- Recorded information
=== Begin Enclosure ===

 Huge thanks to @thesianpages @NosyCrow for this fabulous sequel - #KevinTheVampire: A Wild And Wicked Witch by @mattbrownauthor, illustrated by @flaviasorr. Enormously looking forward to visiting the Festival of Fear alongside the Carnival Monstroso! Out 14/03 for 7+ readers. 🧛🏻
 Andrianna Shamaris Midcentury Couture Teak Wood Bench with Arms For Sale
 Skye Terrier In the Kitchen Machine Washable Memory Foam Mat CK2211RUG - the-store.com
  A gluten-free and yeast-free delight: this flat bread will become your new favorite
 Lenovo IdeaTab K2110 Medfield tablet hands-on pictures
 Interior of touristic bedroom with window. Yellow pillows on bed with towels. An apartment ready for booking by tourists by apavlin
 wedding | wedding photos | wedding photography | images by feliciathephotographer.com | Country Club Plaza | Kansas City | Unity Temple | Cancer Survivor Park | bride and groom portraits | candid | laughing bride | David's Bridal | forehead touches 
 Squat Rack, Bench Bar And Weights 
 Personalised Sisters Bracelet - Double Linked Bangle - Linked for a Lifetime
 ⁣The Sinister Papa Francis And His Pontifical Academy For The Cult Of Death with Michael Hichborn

=== End Enclosure ===

- What this task involves
Collect each line above holding the string "Bench".

- Result of the task
 Andrianna Shamaris Midcentury Couture Teak Wood Bench with Arms For Sale
 Squat Rack, Bench Bar And Weights 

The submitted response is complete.